Kandidatenwörter und Kandidatensprüche

Aus den Einsendungen der Vorwahl wählte die Jury am 23.10.2020 die Kandidatenwörter und Kandidatensprüche aus. Die Kandidaten für die Wörter und Sprüche des Jahres waren:

  • Wort des Jahres: Ampelkommission, Babyelefant, Corona, Corona App, Kurzarbeit, Maskenpflicht, Quarantäne, Reisewarnung, Reproduktionszahl, verblümeln.
  • Unwort des Jahres: Abschiebepatenschaft, Absonderungsbescheid, coronabedingt, Coronaparty, Covid-Lockerungsverordnung, Fensterklatscher, Herdenimmunität, Maskenwahn, Social distancing, Superspreader.
  • Jugendwort des Jahres: Boomer, cringe, ghosten, lost, nice, no front, weird.
  • Spruch des Jahres: „Bleiben Sie gesund! / G’sund bleiben!“; „Der Weg von der Hirnlosigkeit Weniger zur Arbeitslosigkeit Vieler ist ein kurzer.“ (Mahrer); „Testen, testen testen!“ (Kurz); „Wir kriegen das schon hin.“ (Van der Bellen); „Schleich di, du Oaschloch!“.
  • Unspruch des Jahres: „Es wird bald die Situation kommen, dass jeder irgendjemand kennt, der aufgrund des Coronavirus gestorben ist.“ (Kurz); „Die Behörden haben alles richtig gemacht.“ (LR Tilg, Tirol); „Ich habe aber gar keinen Laptop gehabt.

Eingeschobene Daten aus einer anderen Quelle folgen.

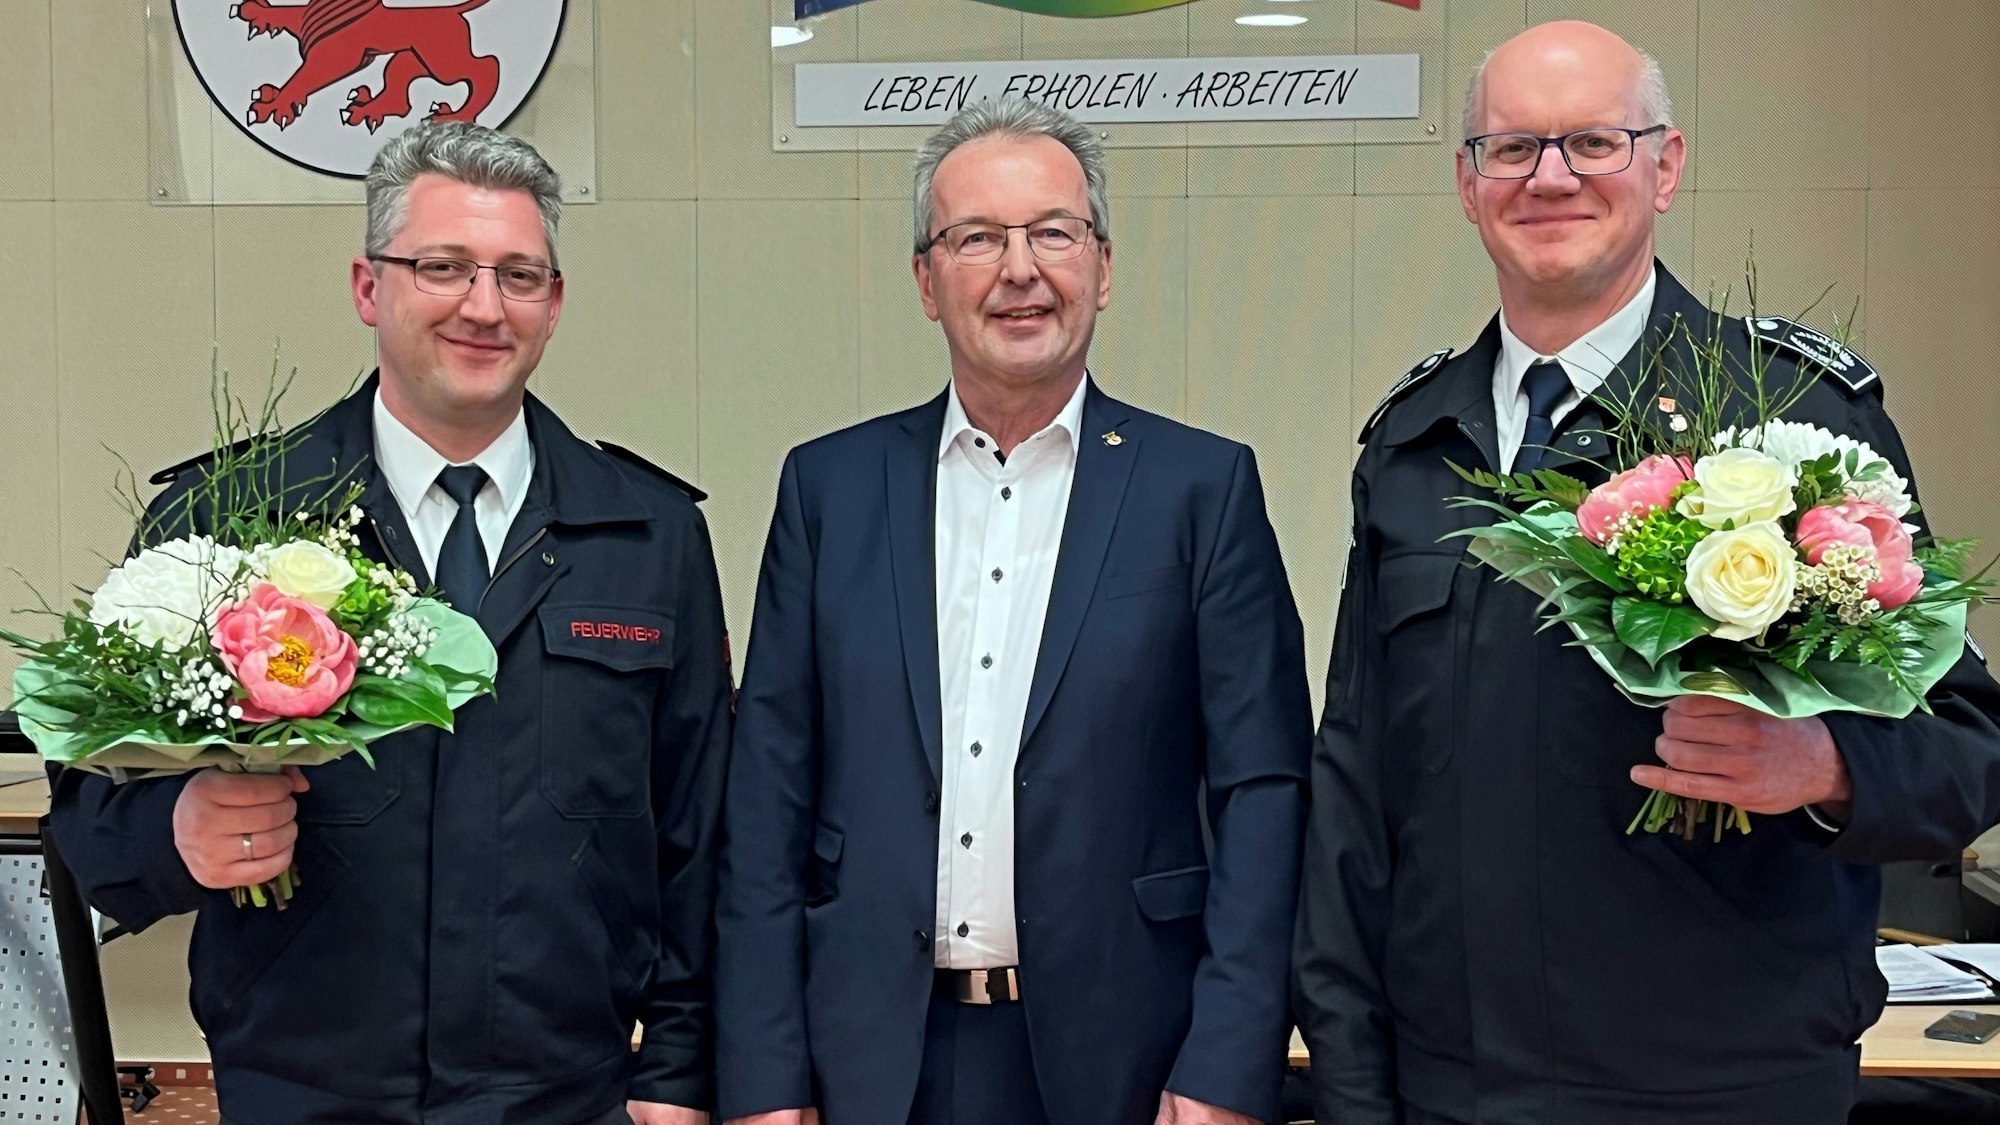 Gruppenbild aus der Ratssitzung: Dennis Doepp, links, folgt zum 1. Juni zunächst kommissarisch als stellvertretender Feuerwehrchef auf André Hombach, rechts. Bürgermeister Rüdiger Gennies übergab beiden ihre Urkunden.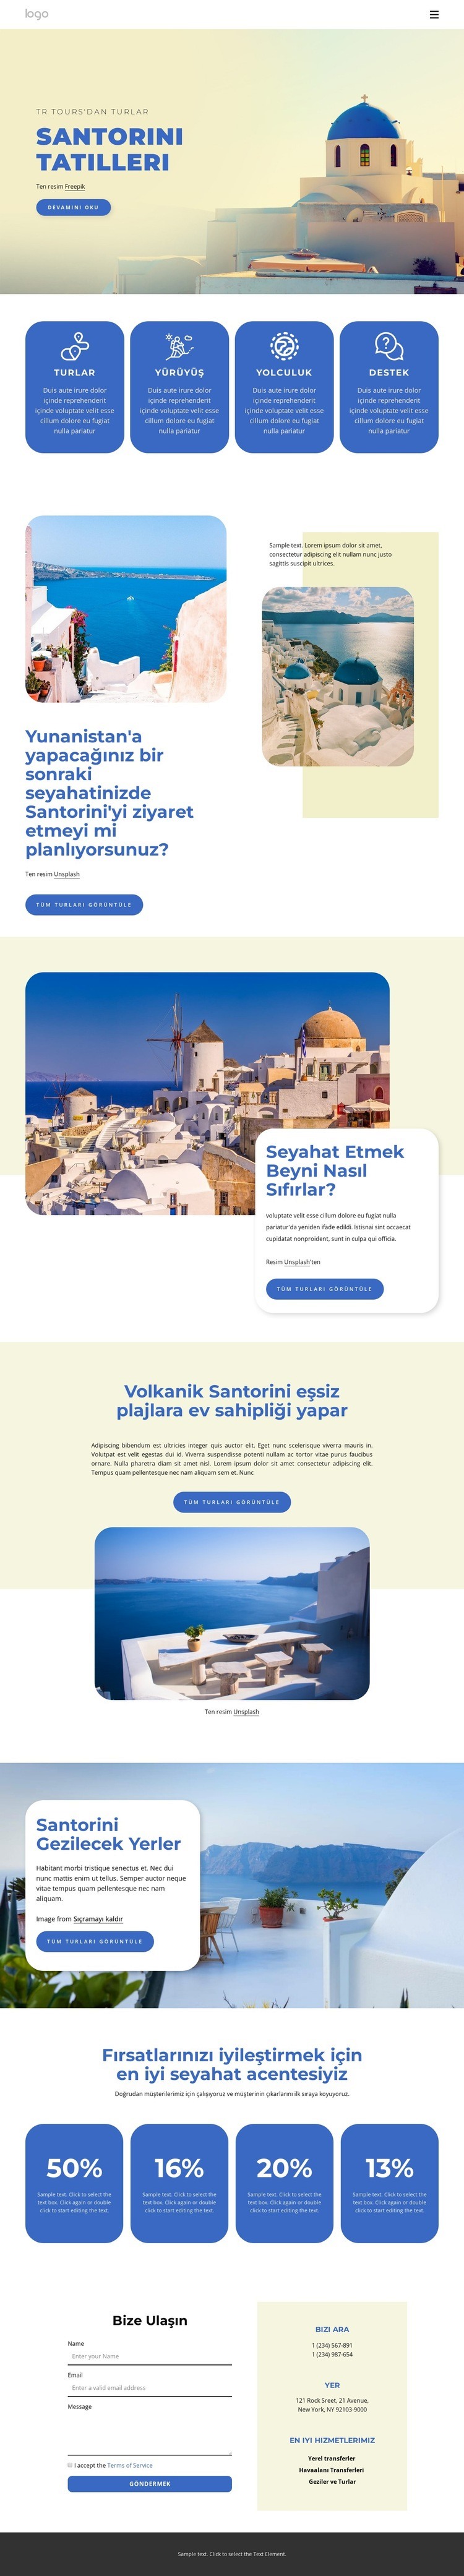 Santorini'deki Tatiller Web Sitesi Mockup'ı

Ich habe [im Bundeskanzleramt] über das Handy gearbeitet …“ (Blümel über seine Zeit als Minister); „Das Virus kommt mit dem Auto.“

Wahlstatistik

Die heurige Wahl fand vom 05.09.-01.12.2020 statt. An der Vorwahl nahmen 1935 Personen teil, die insgesamt 5362 Vorschläge für die Wörter, Unwörter, Jugendwörter, Sprüche und Unsprüche des Jahres eingesendet haben.

An der eigentlichen Wahl nahmen 7.394 Personen teil, die 35.000 Einsendungen in den 5 Kategorien vornahmen.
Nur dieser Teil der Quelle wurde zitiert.